Manuelle Aktienanalysen sind zeitaufwendig. Eine Tatsache, die der 20-jährige Marc Tüchler bereits während seiner Schulzeit an einer steirischen HTL erkannte. „Wenn ich für jede Aktie zwei Stunden brauche, wäre ich nach siebeneinhalb Jahren noch nicht einmal fertig bei 25.000 Aktien“, erklärt der Gründer im Interview.
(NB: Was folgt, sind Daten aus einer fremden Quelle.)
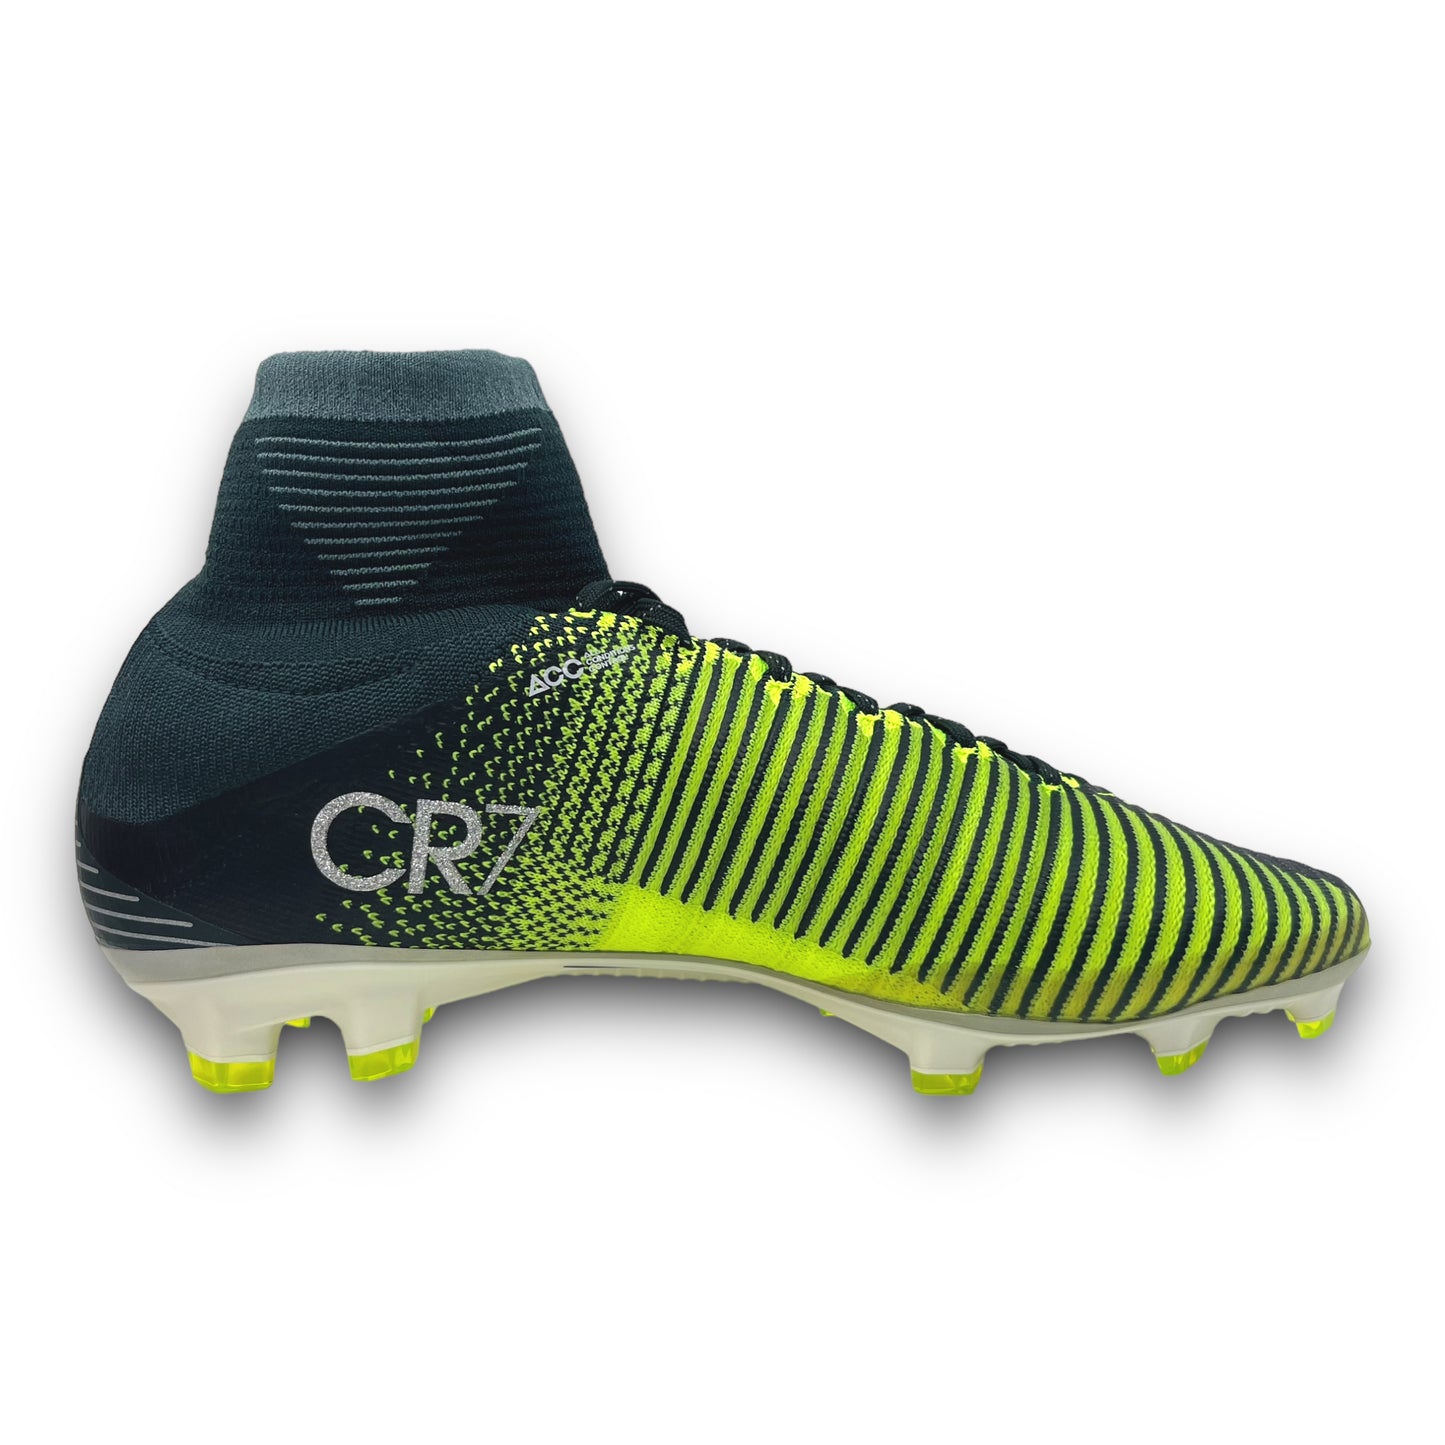 Nike Mercurial Superfly 5 FG CR7 "Discovery Pack"
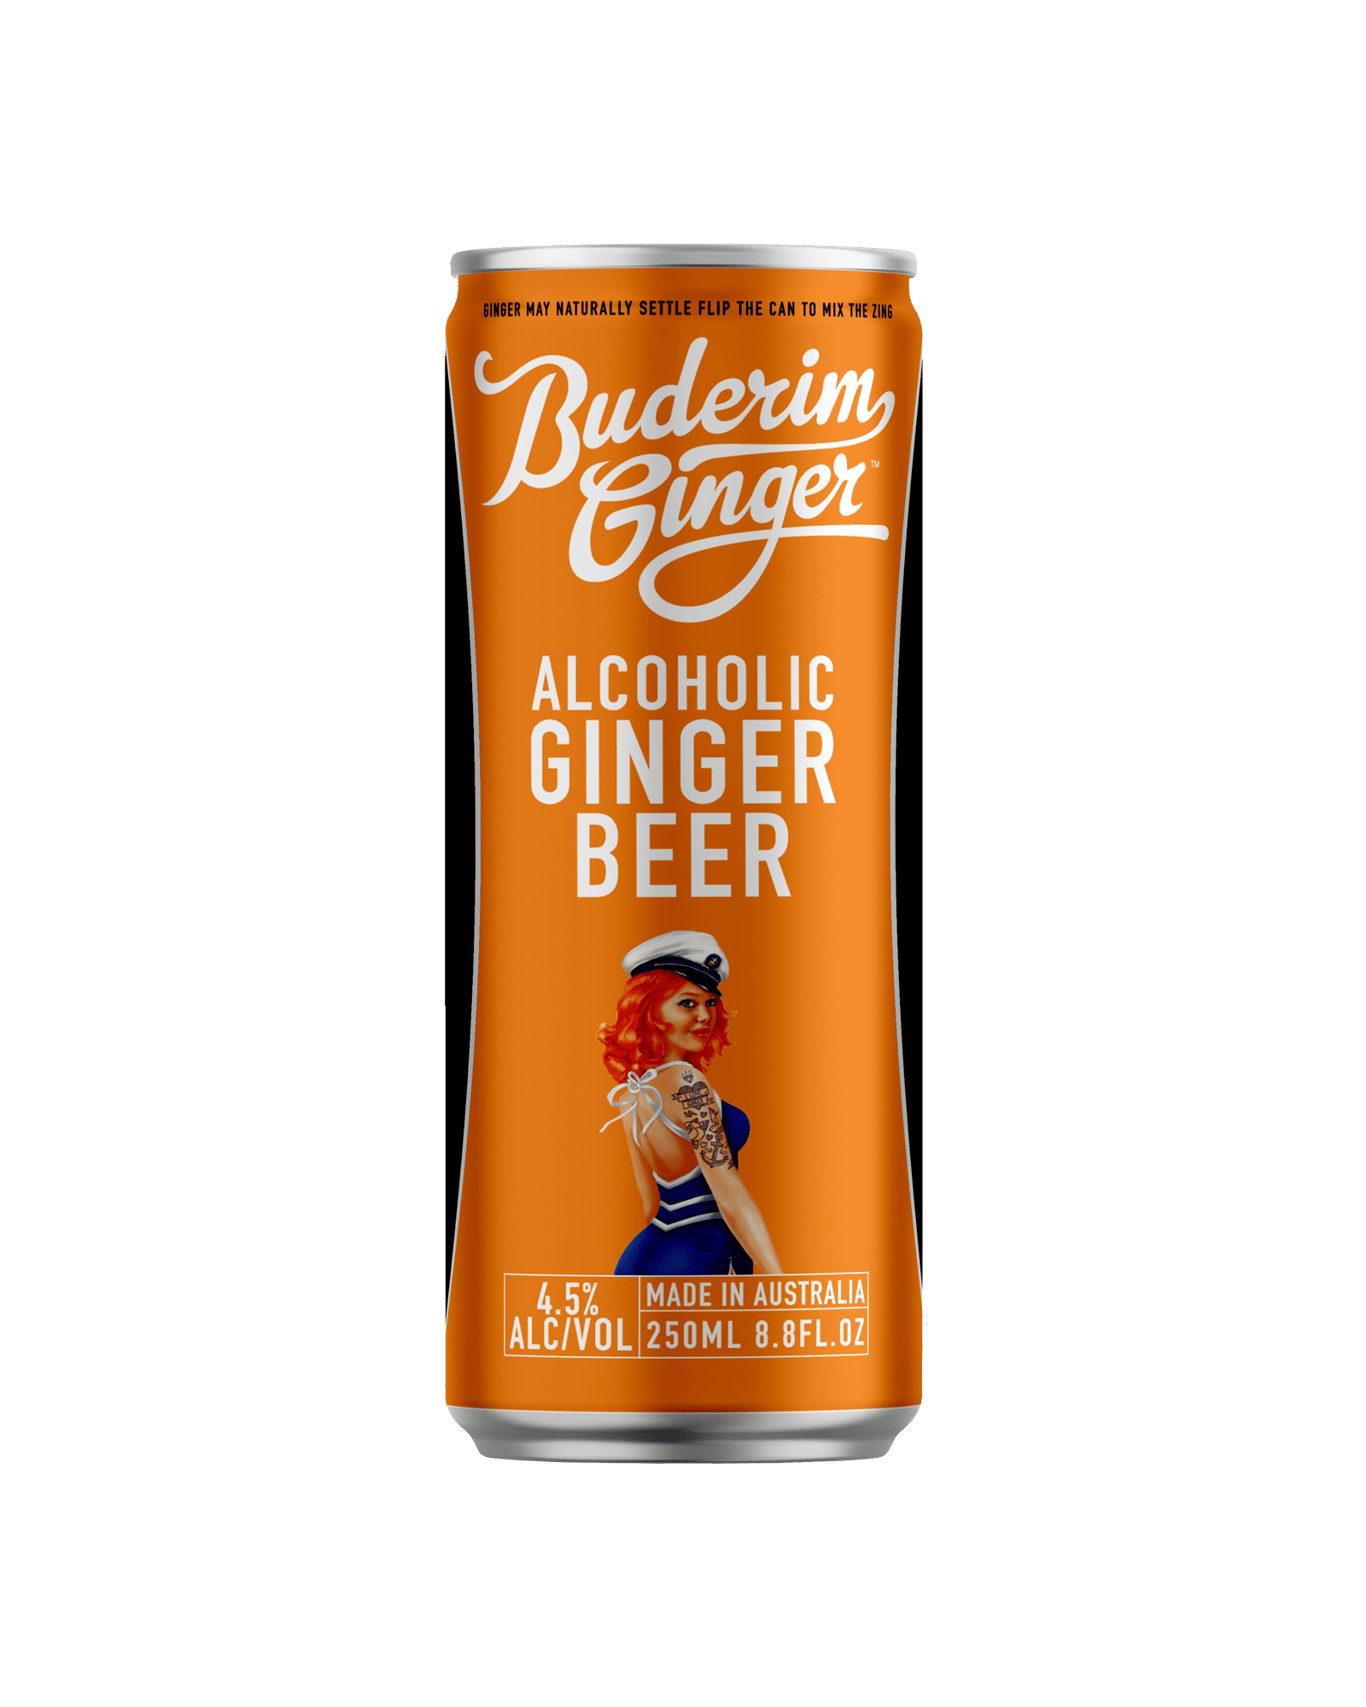 Buderim Ginger Alcoholic Ginger Beer 250ml Unbeatable Prices Buy Online Best Deals With

Stattdessen nutzte er seine Programmierkenntnisse, um quantitative Algorithmen zu entwickeln, die den Markt automatisiert filtern. Daraus entstand Shark Finance, eine Plattform, um den zeitlichen Aufwand der Aktienrecherche für Privatanleger zu minimieren.

Der Shark Score: Performance durch logarithmische Kurven

Das Herzstück der Web-App ist der sogenannte Shark Score. Dieser bewertet Unternehmen in den vier Kategorien Wachstum, Profitabilität, Bewertung und Stabilität auf einer Skala von 0 bis 10 Punkten. Das System basiert auf logarithmischen Kurven, wodurch die Punktzahl bei steigenden Wachstumsraten zunehmend langsamer ansteigt.

Zielgruppe sind laut Tüchler primär Privatanleger, die sich abseits von „typischen Hype-Aktien einen schnellen, datenbasierten Überblick verschaffen wollen“. Ergänzend bietet die Plattform einen „Stockchecker“ mit über 40 Kennzahlen sowie Dashboards für technische Analysen.

Zwischen Gratis-Basisversion und Pro-Features

Seit Jahresbeginn ist Shark Finance Tüchlers Hauptprojekt. Das Startup wurde im vergangenen Oktober gegründet, vor wenigen Wochen folgte der offizielle Launch der Vollversion.

Um die Einstiegshürden niedrig zu halten, existiert neben der Pro-Version für 19,90 Euro pro Monat auch eine kostenlose Basisversion. Diese umfasst Daten zu allen S&P-500-Aktien inklusive Shark Score, wobei die Gesamtmarktdaten hier um eine Woche verzögert ausgespielt werden. In der kostenpflichtigen Version werden Scores für alle Unternehmen ab einer Marktkapitalisierung von einer Milliarde US-Dollar berechnet, wobei die Preisdaten während der Börsenöffnungszeiten live verfügbar sind.

Mit diesem Setup will der junge Solo-Founder nun skalieren und zeigen, dass professionelle Analyse-Tools auch für Privatanleger erschwinglich sein können.